I wrote up a JavaOne presentation on this in 2001. While I couldn't go and it wasn't presented this is pretty much what I found too.

The best of REST

Implementing REST Web Services: Best Practices and Guidelines " The architecture represented above has a pipe-and-filter style, a classical and robust architectural style used as early as in 1944 by the famous physicist, Richard Feynman, to build the first atomic bomb in his computing team. A request is processed by a chain of filters and each filter is responsible for a well-defined unit of work. Those filters are further classified as two distinct groups: front-end and back-end. Front-end filters are responsible to handle common Web service tasks and they must be light weight. Before or at the end of front-end filters, a response is returned to the invoking client...Most notably, the filters can be considered as a standard form of computing and new filters can be added or extended from existing ones easily. This architecture has good user-perceived performance because responses are returned as soon as possible once a request becomes fully processed by lightweight filters. This architecture also has good security and stability because security breakage and errors can only propagate a limited number of filters."

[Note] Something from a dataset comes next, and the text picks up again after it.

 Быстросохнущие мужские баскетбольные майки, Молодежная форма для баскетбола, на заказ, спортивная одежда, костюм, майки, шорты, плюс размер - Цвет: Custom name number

Web Services: REST in Peace? "The advantages of conceptualising an application in terms of services and messages, rather than in terms of APIs (either RESTful or RPC oriented varieties) are clear: it enables super-loose coupling both for composing services into applications and in the implementation of a service itself."

Ontaria

"Ontaria is a searchable and browsable directory of semantic web data. Our focus is RDF vocabularies with OWL ontologies, but all the RDF data we index is visible. The site is primarily intended for people creating RDF content who want to better understand which vocabularies are available and how they are being used. Beyond this, Ontaria may be useful for finding and exploring arbitrary RDF content."

Current Database: Last Updated: 29 April, Triples: 18172, Sources: 70.

Friday, August 20, 2004

Radio RDF

RDF Radio "So what's RDF Radio? Mostly vapour right now, but it's a concept Matt Croydon and I have been tossing around for a few weeks. The basic ideas of which are a little similar to Nokia's much touted but equally vapourous Visual Radio.

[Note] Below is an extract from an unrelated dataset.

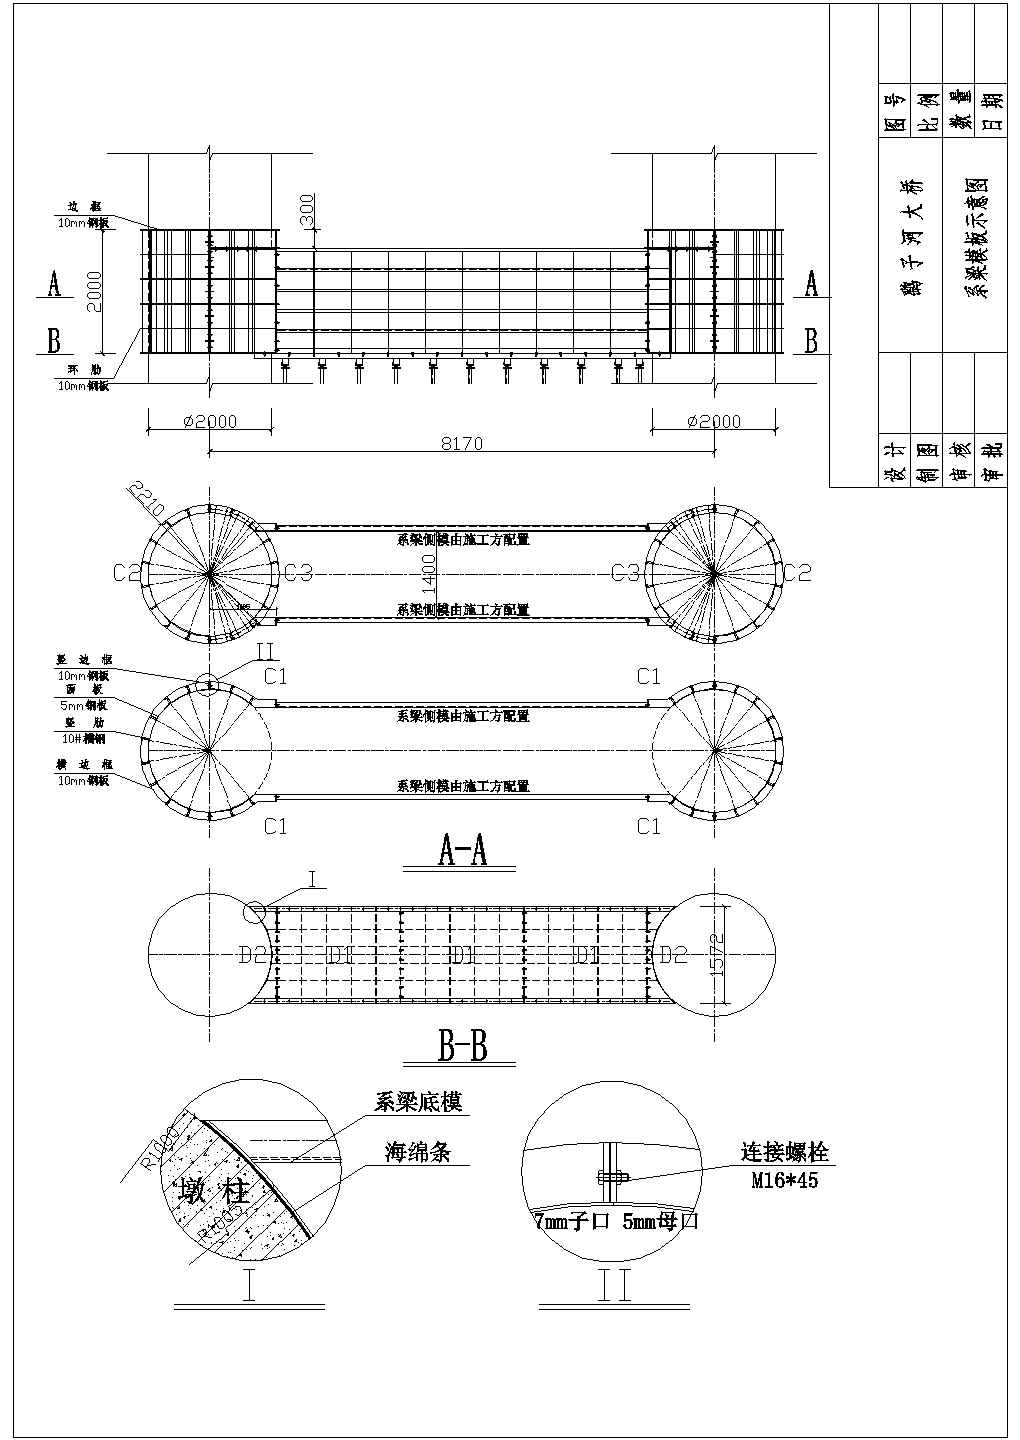 鹞子河大桥工程墩柱系梁模板设计图

The main tenet of both is to provide some additional metadata about an existing "Radio" audio stream on a side channel. Visual Radio appears to be quite tightly constrained around proving visual (wap/html based?) user oriented information over GPRS as an adjunct to FM radio. RDF Radio on the other hand is intended to provide timely pure RDF/XML metadata that supplements any broadcast stream; FM, AM, webcast and much more."

Resting on SOFA

I've recently been part of taking a closer look at SOFA (I haven't been doing most of the work though). Initially, it looks too good to be true, OWL in 5 classes. Surely it can't be that easy? It's basically an object model for OWL and RDFS. It includes: Concept, Ontology, Relation, Restriction and Thing. A Concept represents a classification item (class) and a Thing represents a knowledge item (instance). Relations are transitive, symmetric or an inversion. Restrictions are by cardinality or value. It can read and write both OWL and RDFS.

Other features:
* Provides inferencing.
* Support for Java types. This includes mapping to 10 Java datatypes, like String to xsd:string. Other Java objects are base64 encoded - which is a strange feature but kind of cool.
* Events and event listeners (when Things are added, removed or modified).
* Uses URI objects.
* Supports checked exceptions and throws them when you do something wrong.
* Interfaces all the way through.
* DOTWriter which represents an ontology as a directed graph described by Graphviz DOT language syntax.
* Unit tests.

Because it is so small it should be fairly easy to integrate into other stores and APIs.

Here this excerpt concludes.